* [Raw data]:
-*-

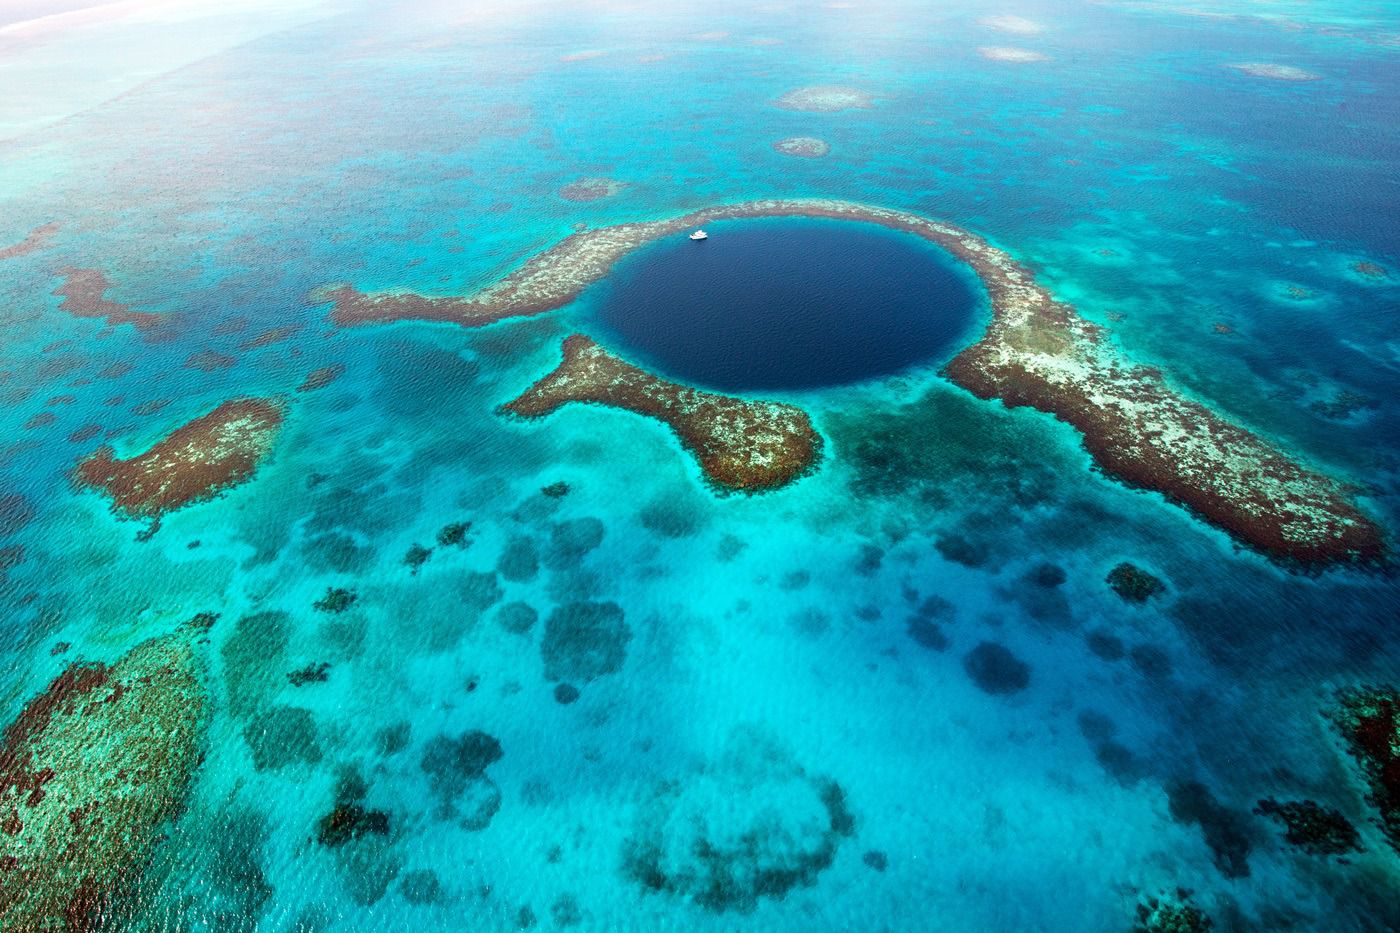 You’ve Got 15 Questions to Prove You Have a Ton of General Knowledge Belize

-*-

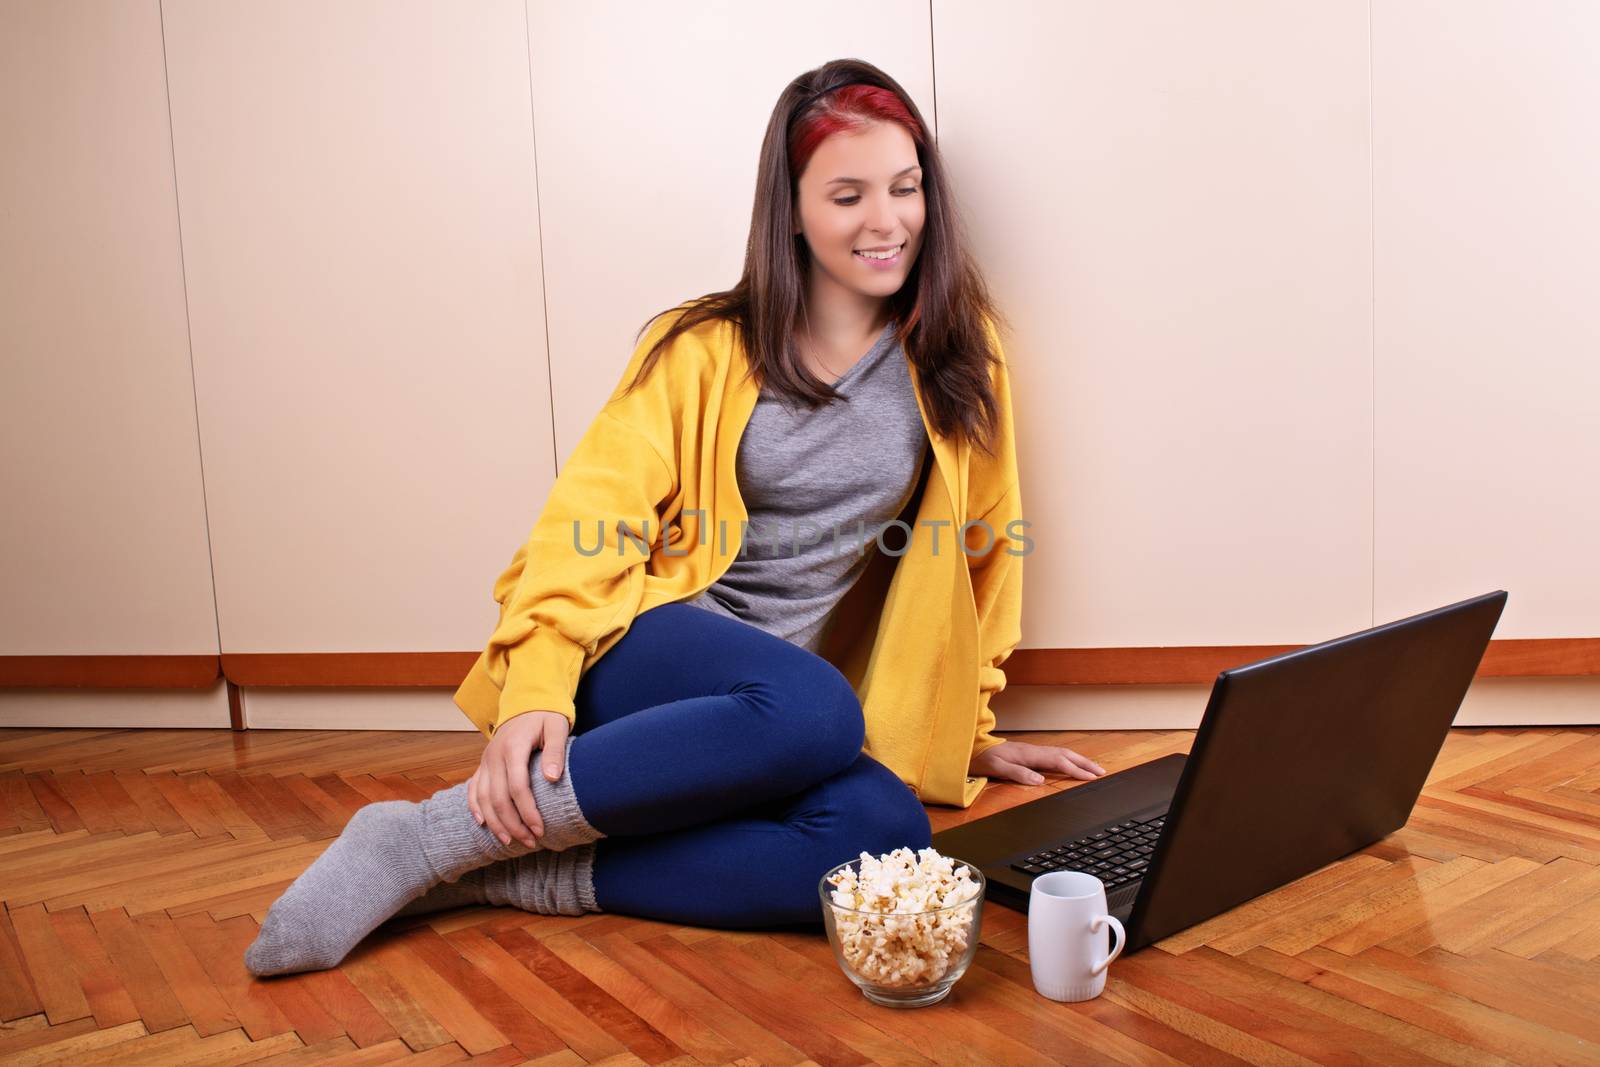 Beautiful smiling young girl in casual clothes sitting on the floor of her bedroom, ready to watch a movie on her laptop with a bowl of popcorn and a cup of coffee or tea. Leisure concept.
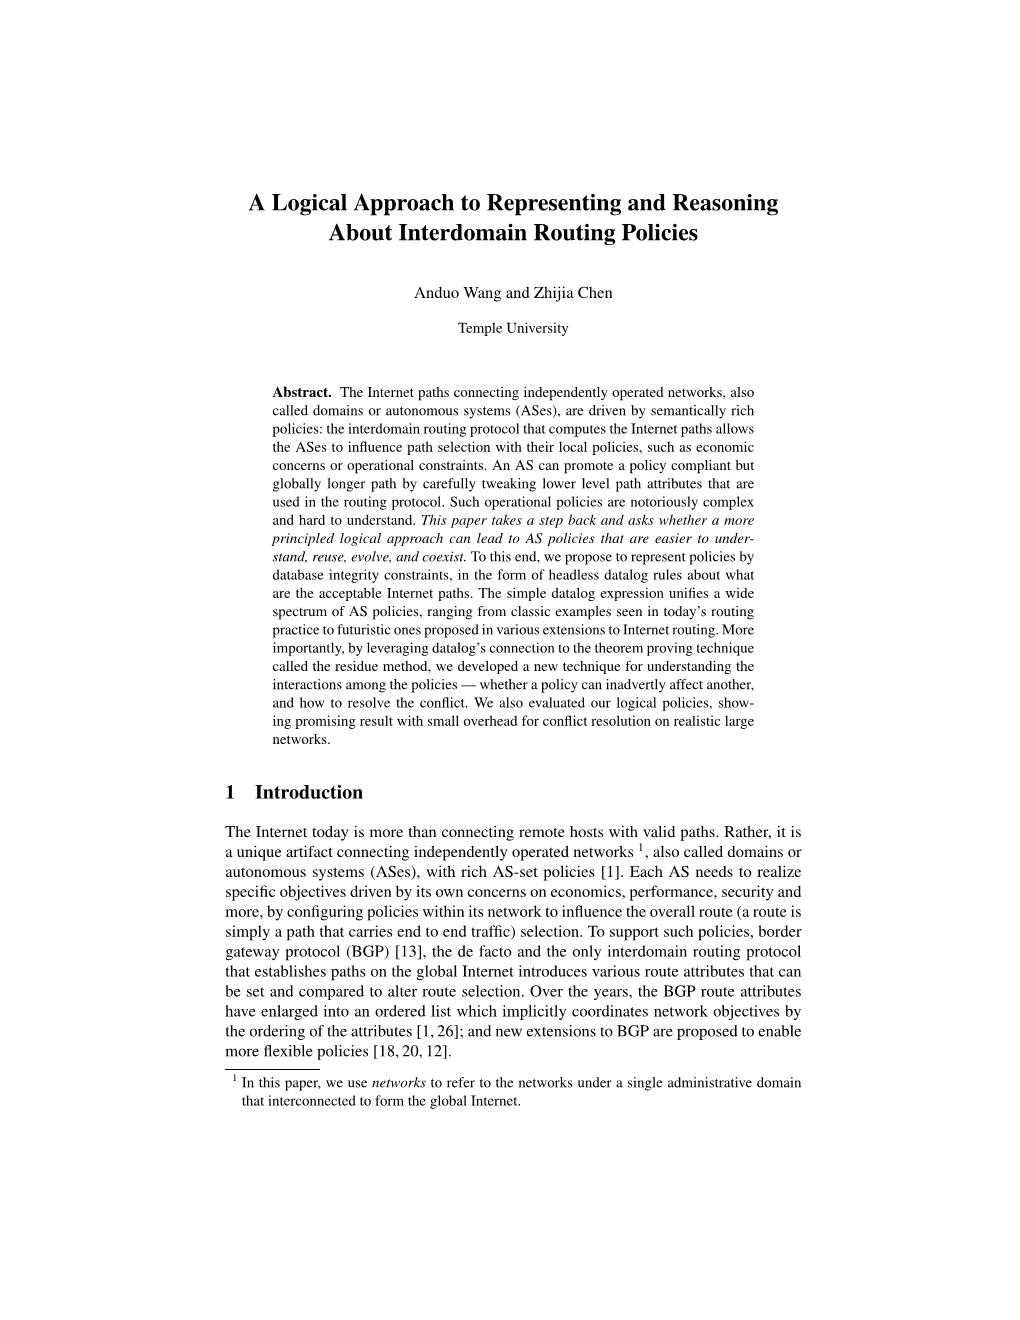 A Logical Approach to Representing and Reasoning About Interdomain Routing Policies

-*-

* [What is required]: Beginning with the line holding "Beautiful smiling young" in the material above, restate word for word each line through the line holding "A Logical Approach", and exclude pictures.

* [Expected answer]:
 Beautiful smiling young girl in casual clothes sitting on the floor of her bedroom, ready to watch a movie on her laptop with a bowl of popcorn and a cup of coffee or tea. Leisure concept.
 A Logical Approach to Representing and Reasoning About Interdomain Routing Policies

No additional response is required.